◆ **Provided records**:
-=-=-
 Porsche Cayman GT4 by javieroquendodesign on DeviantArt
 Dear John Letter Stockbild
-=-=-
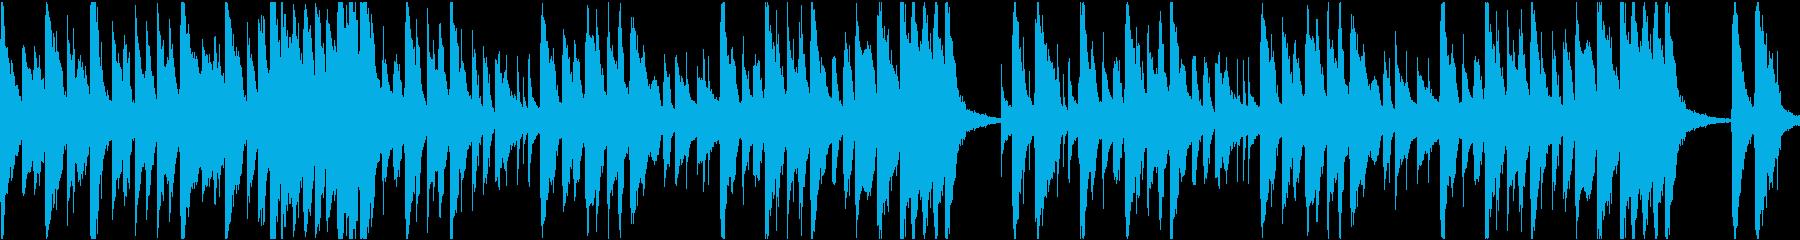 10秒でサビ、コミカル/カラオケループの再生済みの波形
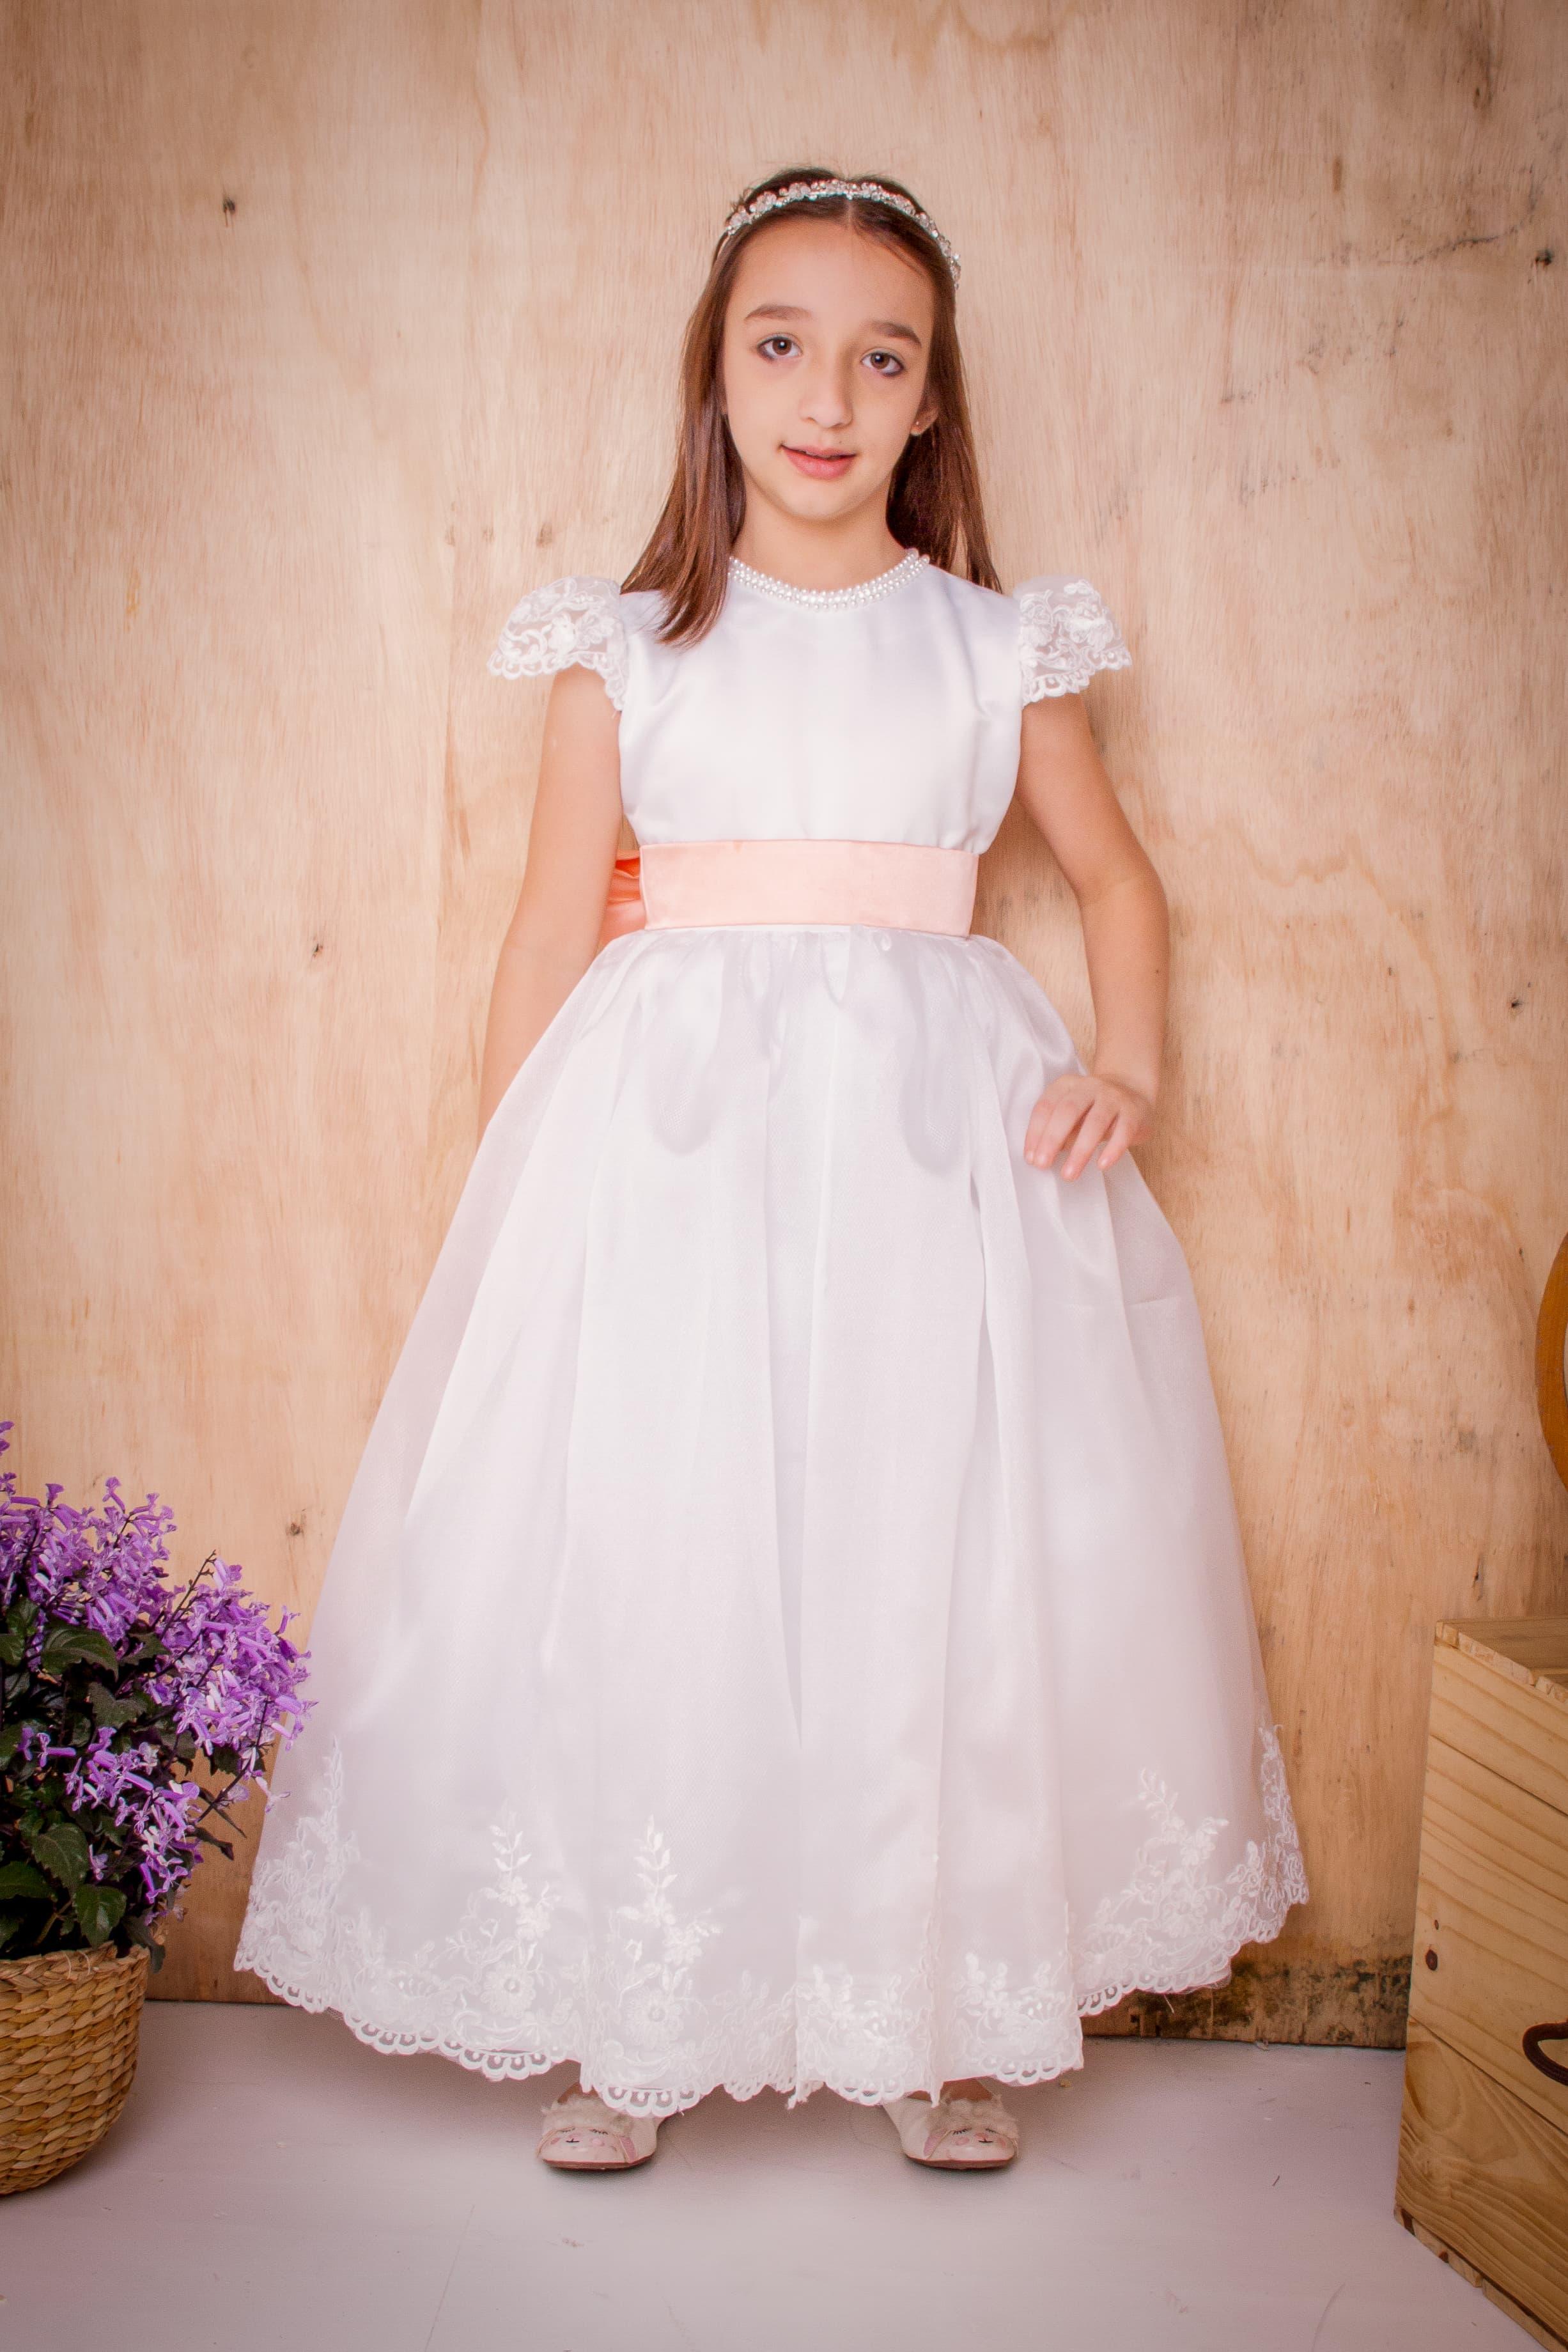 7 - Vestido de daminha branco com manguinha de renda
-=-=-
◆ **What is being asked**: Reproduce the lines above starting at the one with "10秒でサビ、コミカル/カラオケループの再生済みの波形" and ending at the one with "7 - Vestido", both included, exactly and with no pictures.

◆ **Task response**:
 10秒でサビ、コミカル/カラオケループの再生済みの波形
 7 - Vestido de daminha branco com manguinha de renda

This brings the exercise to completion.